Dataset section:
┄┄┄┄┄┄┄┄┄┄
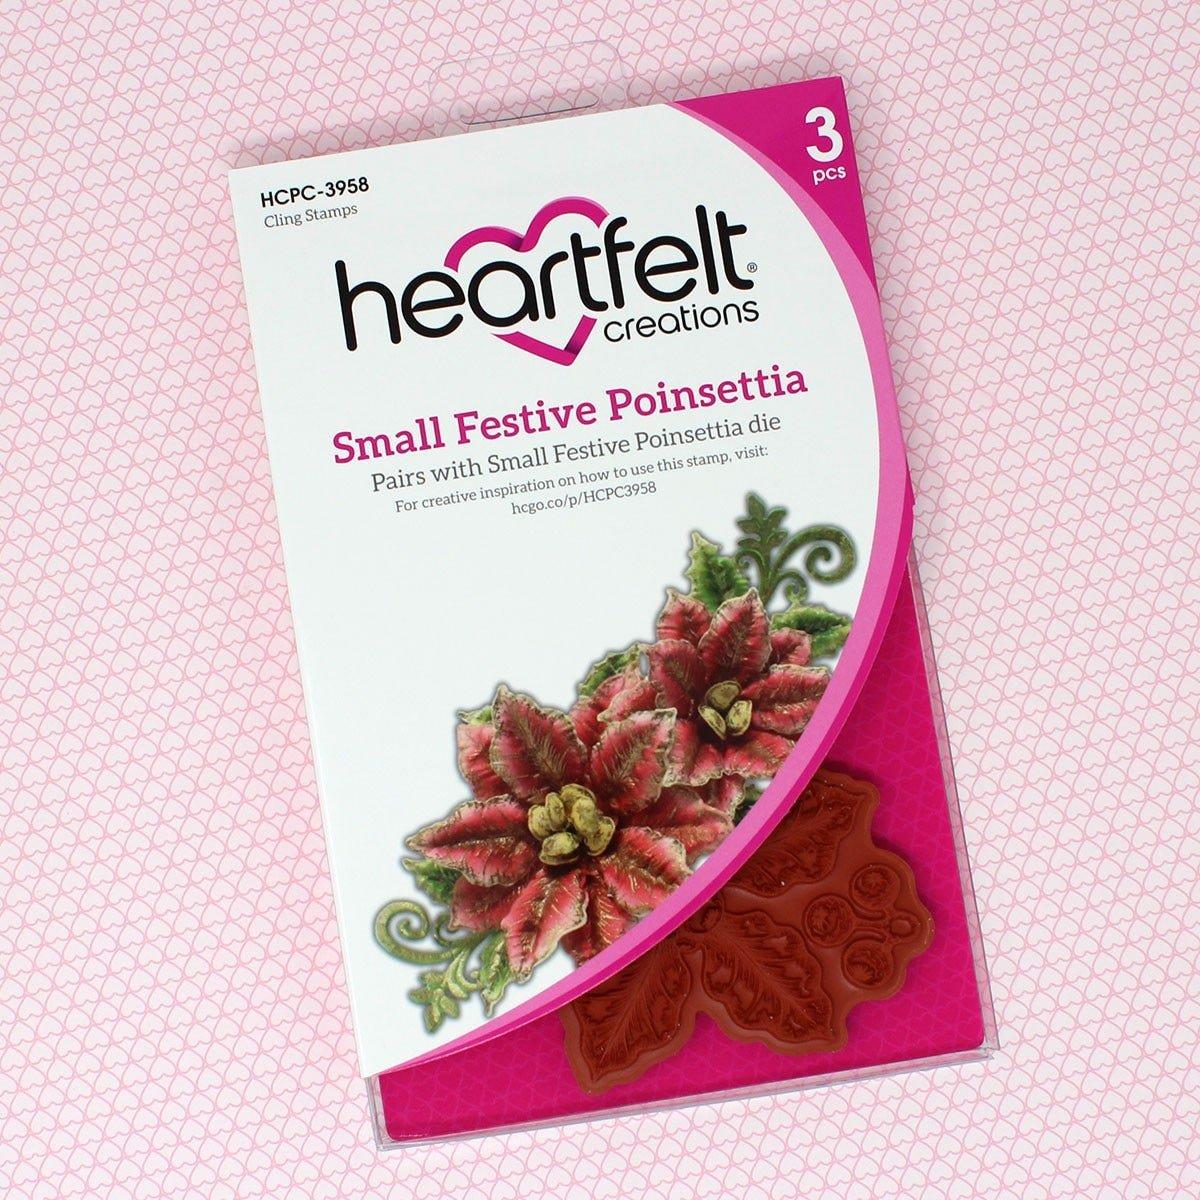 Heartfelt Creations - Small Festive Poinsettia Cling Stamp Set
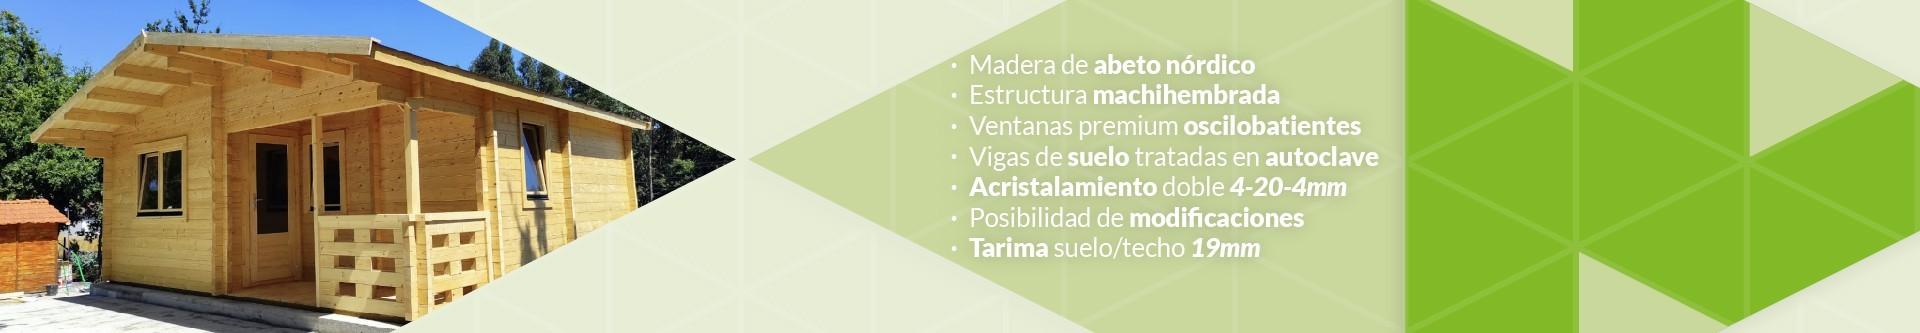 Casas de madera | Cabañas de madera | Bungalows prefabricados
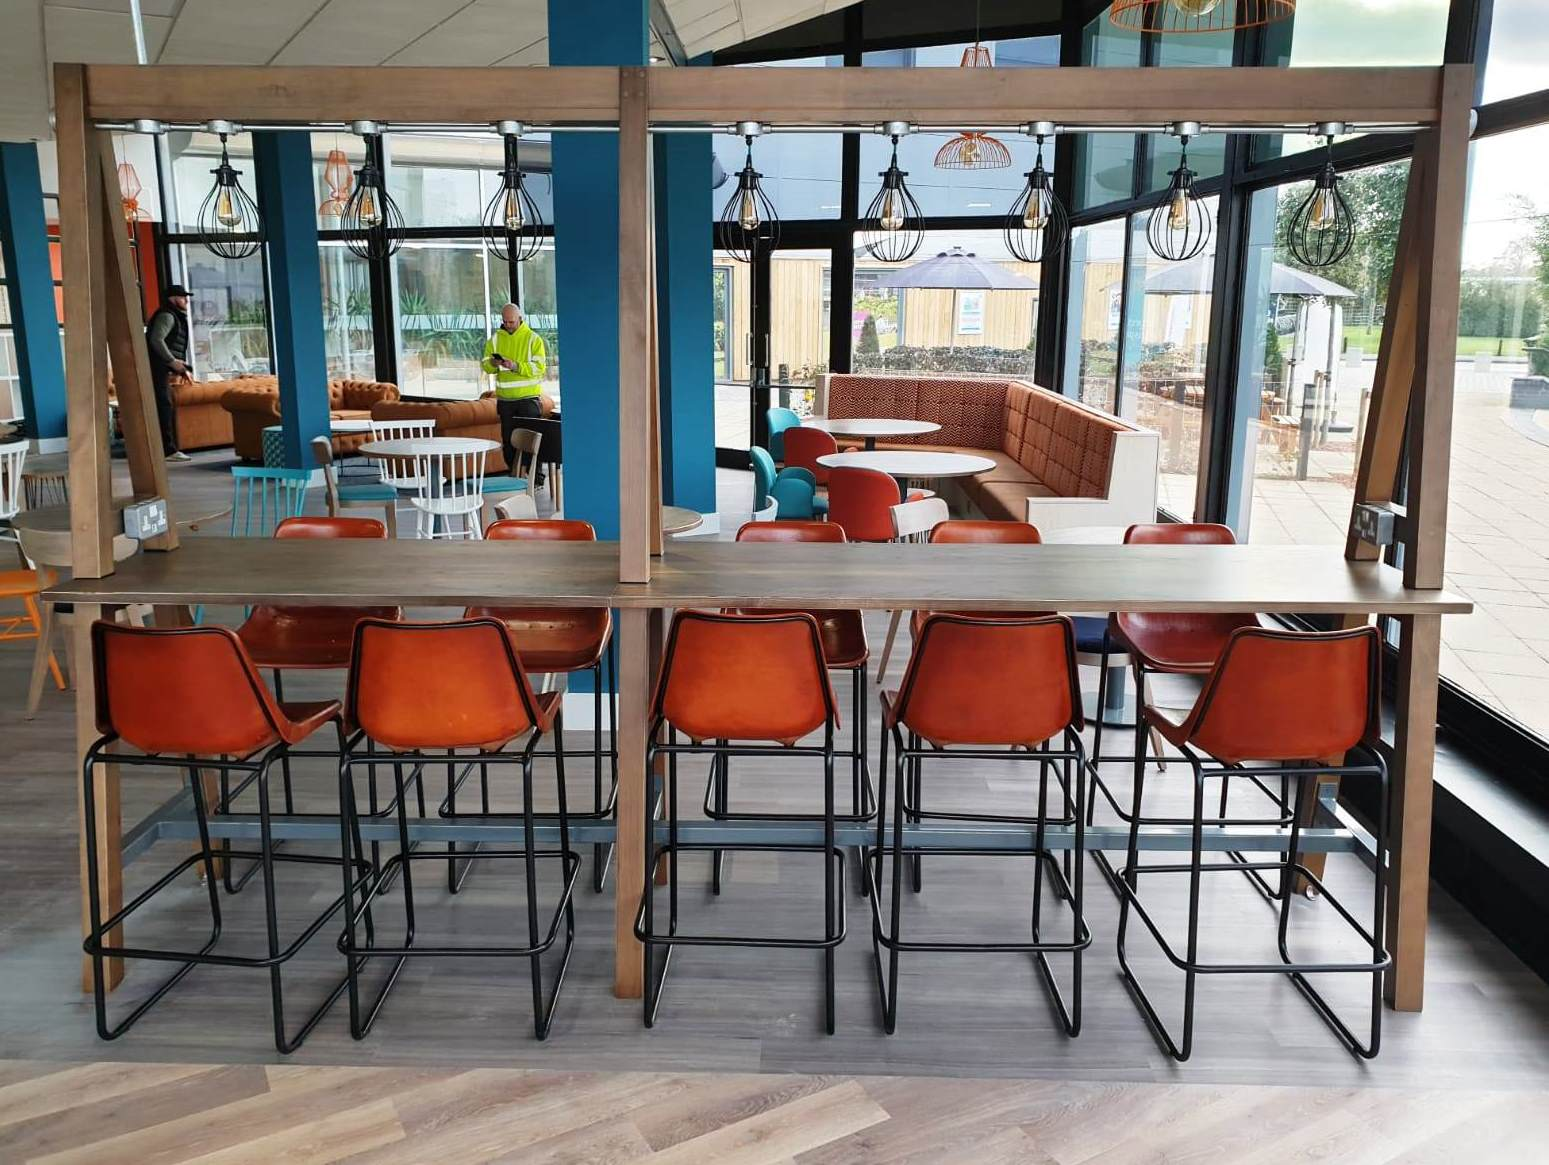 The Centre Cafe, Birchwood
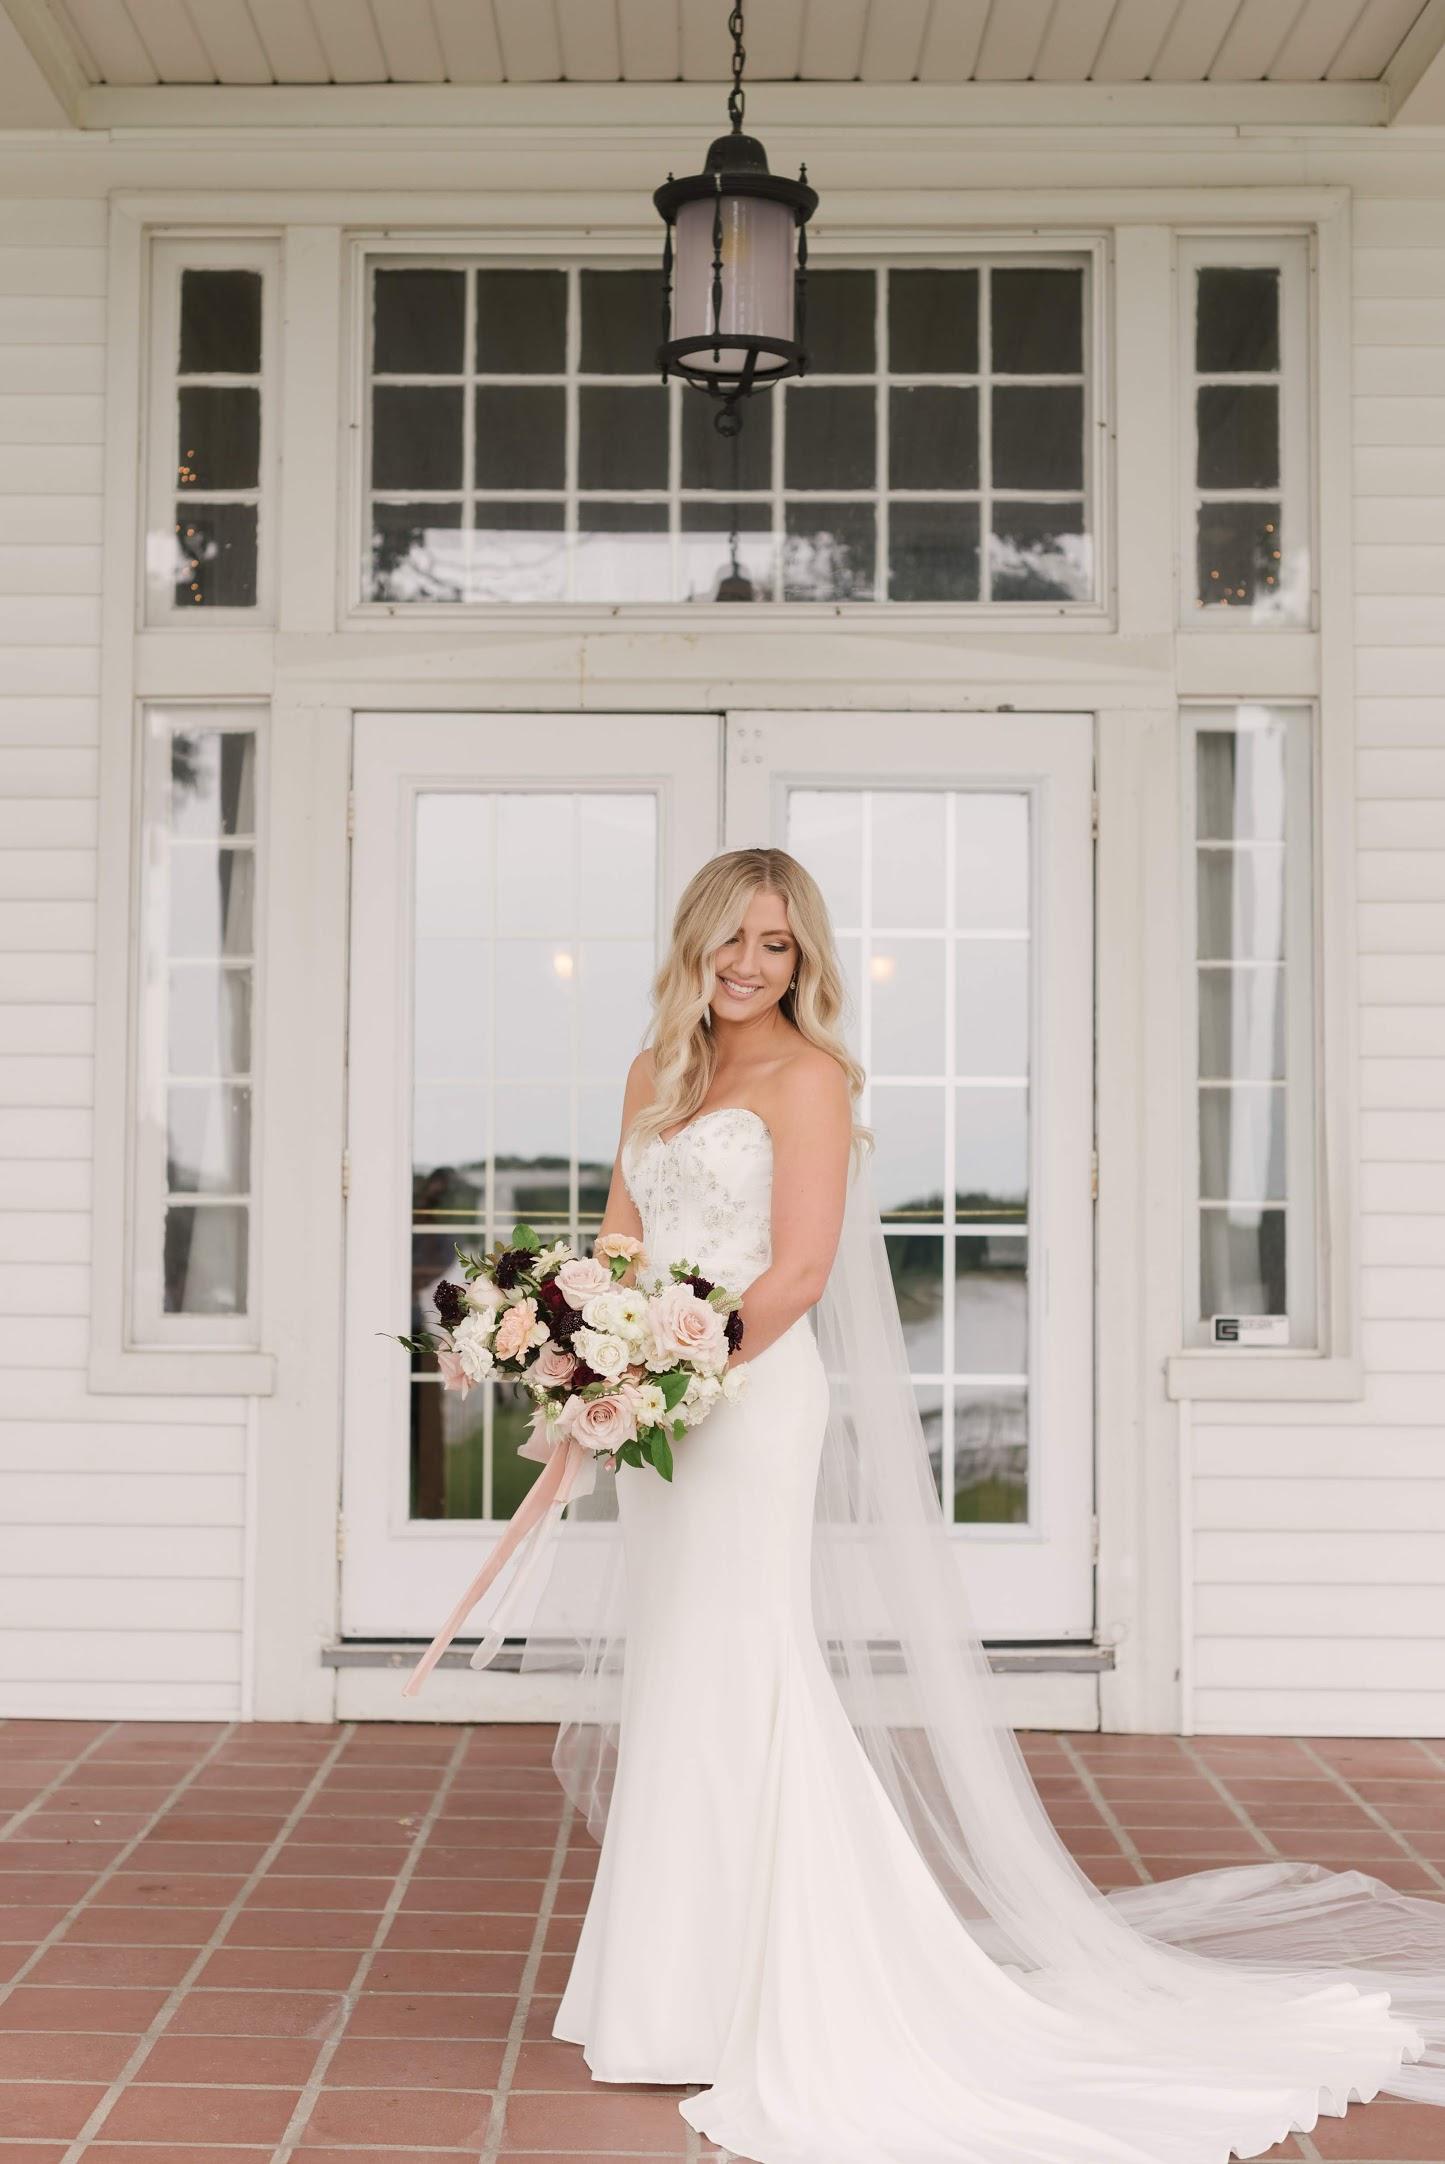 Field-Gems-Photography-Detroit-Michigan-Wedding-Photographer-Family-Photographer-Photobooth-090818-325.jpg
┄┄┄┄┄┄┄┄┄┄
The task:
Copy out the lines exactly as written, beginning with the one that contains "Casas de madera" and ending with the last line of the material; do not include pictures.

Result below:
 Casas de madera | Cabañas de madera | Bungalows prefabricados
 The Centre Cafe, Birchwood
 Field-Gems-Photography-Detroit-Michigan-Wedding-Photographer-Family-Photographer-Photobooth-090818-325.jpg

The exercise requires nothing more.